Human action detection is an important problem in computer vision, which has broad practical applications like visual surveillance, human-computer interaction and intelligent robot navigation. Unlike action recognition and offline action detection, which determine the action after it is fully observed, online action detection aims to detect the action on the fly, as early as possible. It is much desirable to accurately and timely localize the start point and end point of an action along the time and determine the action type as illustrated in Fig. 1. Besides, it is also desirable to forecast the start and end of the actions prior to their occurrence. For example, for intelligent robot system, in addition to the accurate detection of actions, it would also be appreciated if it can predict the start of the impending action or the end of the ongoing actions and then get something ready for the person it serves, e.g., passing towels when he/she finishes washing hands. Therefore, the detection and forecast system could respond to impending or ongoing events accurately and as soon as possible, to provide better user experiences.

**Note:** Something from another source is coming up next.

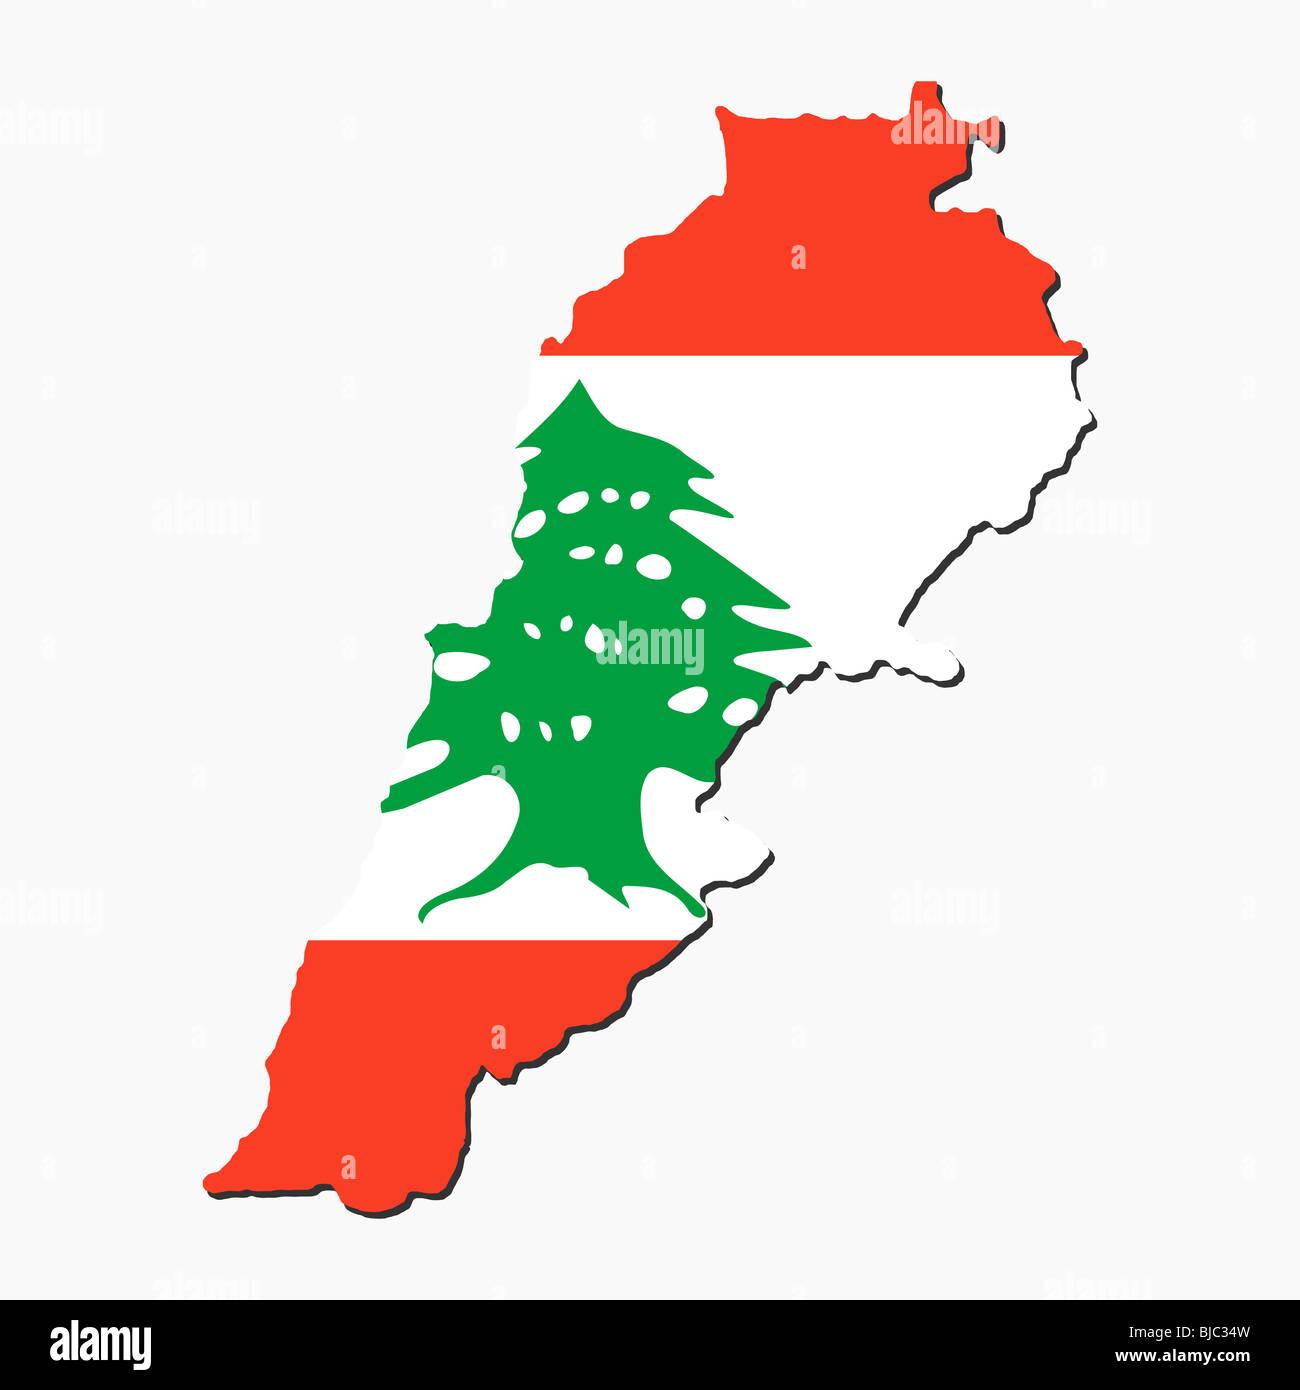 Map of lebanon and lebanese flag illustration stock photo royalty map of lebanon and lebanese flag illustration sciox Gallery
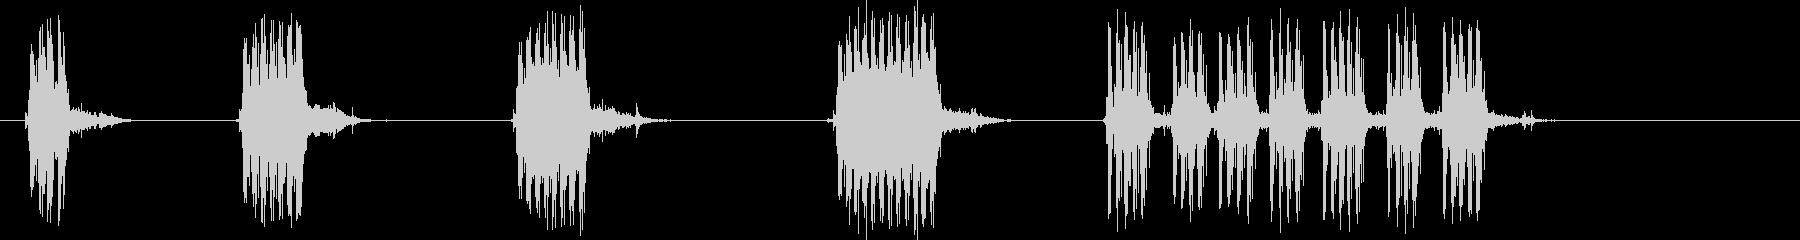 M-60自動:複数のバースト。各バ...の未再生の波形

For human action recognition and detection, many research works have been designed for RGB videos recorded by 2D cameras in the past couple of decades [1]. In recent years, with the prevalence of the affordable color-depth sensing cameras, such as the Microsoft Kinect [2], it is much easier and cheaper to obtain depth data and thus the 3D skeleton of human body (see skeleton examples in Fig. 1). Biological observations suggest that skeleton, as an intrinsic high level representation, is very valuable information for recognizing actions by humans [3]. In comparison to RGB video, such high level human representation by skeleton is robust to illumination and clustered background [4], but may not be appropriate for recognizing fine-grained actions with marginal differences. Taking the advantages of skeleton representation, in this paper, we investigate skeleton based human action detection. The addition of RGB information may result in better performance and will be addressed in the future work.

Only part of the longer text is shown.